Awesome, thanks Fabian! :D 

kommenterade 19 november 2016

Hi Pawel! 

In question 17 we are supposed to perform the marginalisation according to 

$$p(\mathbf{Y}|\mathbf{W}) = \int_{}^{} p(\mathbf{Y}|{\mathbf{X}},{\mathbf{W}}) p({\mathbf{X}}) \textit{\rm d}{\mathbf{X}}$$

Is it ok, when I do that for vectors with \(\mathbf{x} \in {\mathbb{R}}^M\) (latent variable), \(\mathbf{y} \in {\mathbb{R}}^D\) (observed variable) and \(\mathbf{W} \in {\mathbb{R}}^{D \times M}\) so that 

$$p(\mathbf{y}|\mathbf{W}) = \int_{}^{} p(\mathbf{y}|{\mathbf{x}},{\mathbf{W}}) p({\mathbf{x}}) \textit{\rm d}{\mathbf{x}}$$

\Peter

Assistent kommenterade 19 november 2016

Yes, most definitely!

En användare har tagit bort sin kommentar
kommenterade 20 november 2016

Hej! Do you want to have a specifc level of simlification in the expression for question 19.2 (gradients of the objective with respect to the parameters)? 

My expression should be correct but it looks kind of messy (a very long term including a lot of linear algebra such as trace, inverse matrices ...). 

\Peter

kommenterade 21 november 2016

Hi Pawel,

I spent a lot of time trying to understand what create_index_set was doing, and it seems that it's simply returning the order of indices that sorts the input list (except the first index btw). Why not not simply use numpy.argsort in that case? Did I miss something?

Thanks,

Alexandre

kommenterade 21 november 2016

Is anyone else getting that the result of \(k(\mathbf X, \mathbf X)\) is a singular matrix? I tried generating 500 evenly spaced points [0, 1, ..., 499] and calculating the covariance function for every pair of points (which reduces to \(\sigma_f^2 \exp(-(x_i - x_j)^2/l^2)\) in the one-dimensional case), but unless I choose a rather small \(l^2\) (seemingly at most 9), the the resulting matrix is singular (it is both symmetric and positive semi-definite, however). This makes it difficult to sample more "smooth" functions. Changing \(\sigma_f^2\) doesn't seem to help, and I've mostly stuck to a value of 1.

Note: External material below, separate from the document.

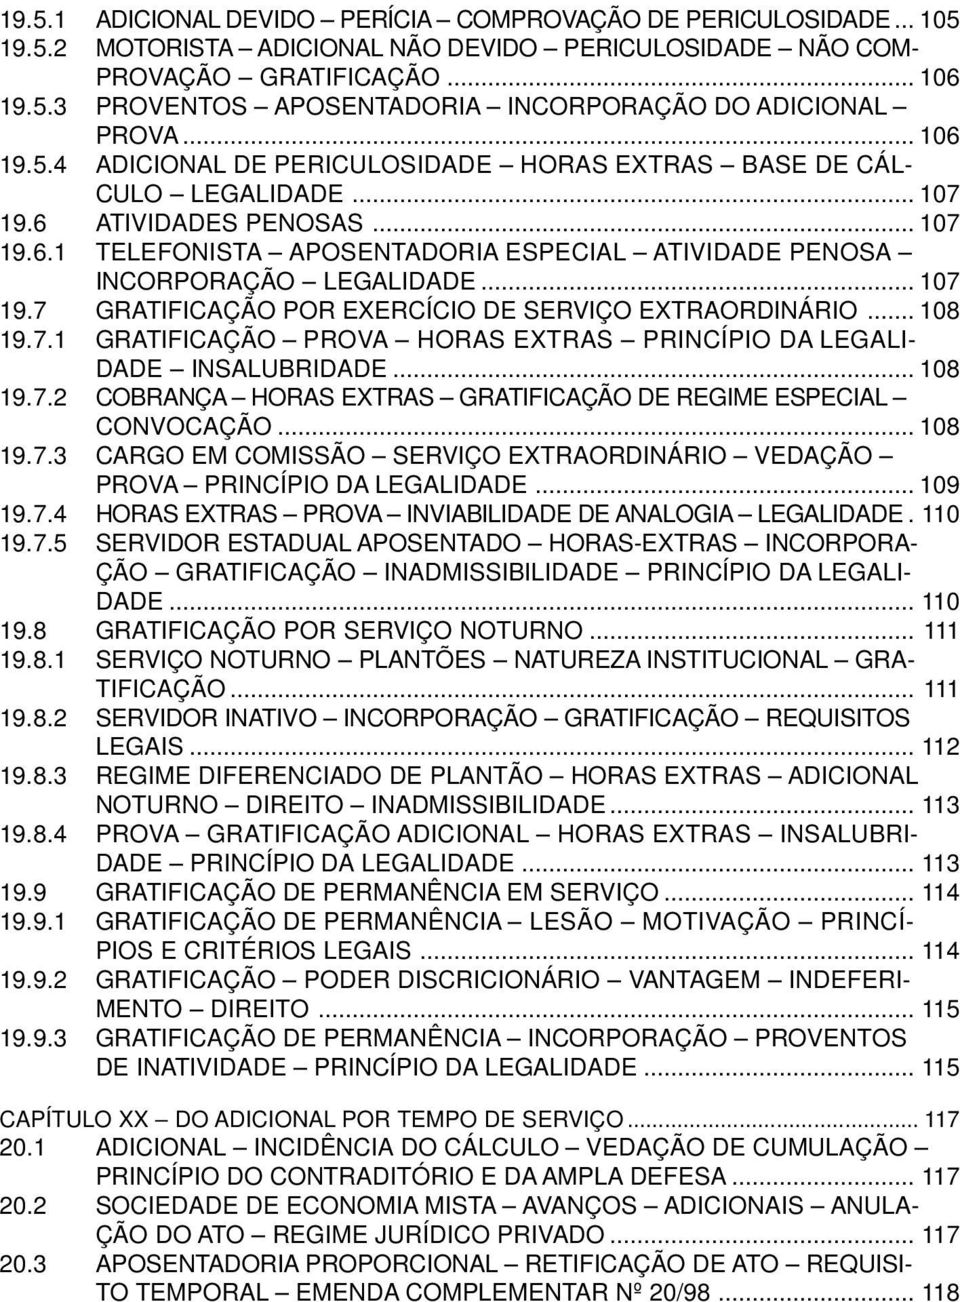 .. 107 19.7 GRATIFICAÇÃO POR EXERCÍCIO DE SERVIÇO EXTRAORDINÁRIO... 108 19.7.1 GRATIFICAÇÃO PROVA HORAS EXTRAS PRINCÍPIO DA LEGALI- DADE INSALUBRIDADE... 108 19.7.2 COBRANÇA HORAS EXTRAS GRATIFICAÇÃO DE REGIME ESPECIAL CONVOCAÇÃO.

I also tried generating 500 evenly spaced points in the [0, 1) range instead, but when I did that I got a singular matrix with an \(l^2\) of anything above around \(10^{-5}\).

kommenterade 21 november 2016

If we are supposed to do Question 6 as well as Question 17 for a single output variable y, how are we then supposed to be able to do the practical part 2.4 where we do not have a single output variable y?

Also, the dimensions does not seem to add up in part 2.4. Should it perhaps be Y^T instead of Y in Eq. (28)?

En användare har tagit bort sin kommentar
Assistent kommenterade 22 november 2016

Yes, you may end up with nearly singular covariance matrix if you estimate it in high dimensional space  (a relatively large number of points used to construct your Gram, or more general kernel, matrix). Still, you can draw samples from it, most packages are capable of doing that resorting to different approaches, e.g. Cholesky decomposition/estimation of cov matrix, eigenvector structure etc. Take a look at scipy.stats.multivariate_normal.

kommenterade 22 november 2016

I managed to solve it by using numpy.random.multivariate_normal instead of creating a scipy.stats.multivariate_normal object as I was doing previously. It also seems to work if you call scipy.stats.multivariate_normal.rvs as a static method rather than calling rvs on a multivariate_normal object.

Assistent kommenterade 22 november 2016

Wonderful! Great job.

Assistent kommenterade 23 november 2016

Dear students

Having talked to some of you, I have made some cosmetic changes in the document. Please find the new version uploaded. In short, in Q11 it says clearly now that you should set the prior (cov) and visualise it. The longest text update has been made in Q17, where a hint is provided as to how the marginalisation can be done. I think it is more productive for you to address it in a simpler way rather than get bogged down in the derivations (which was my original plan). In Q19 there is an explicit reference to Eq.23. In practical 2.4 I am asking you now to discuss (explain) any invariance you observe. Two equations are also refined since the dimensions did not match.

kommenterade 24 november 2016

Hi! In the part 2.4.1 (question 20), are we only supposed to learn the linear mapping, so matrix A that generates the data? Or are we also supposed to learn the non-linear mapping (function f_nonlin)? 

In question 20 we are supposed to visualize X. Do you mean by X the true underlying parameters or is it just a symbol for what we learn from performing the optimization?

Assistent kommenterade 24 november 2016

You do not need to learn f_nonlin since you know what it is.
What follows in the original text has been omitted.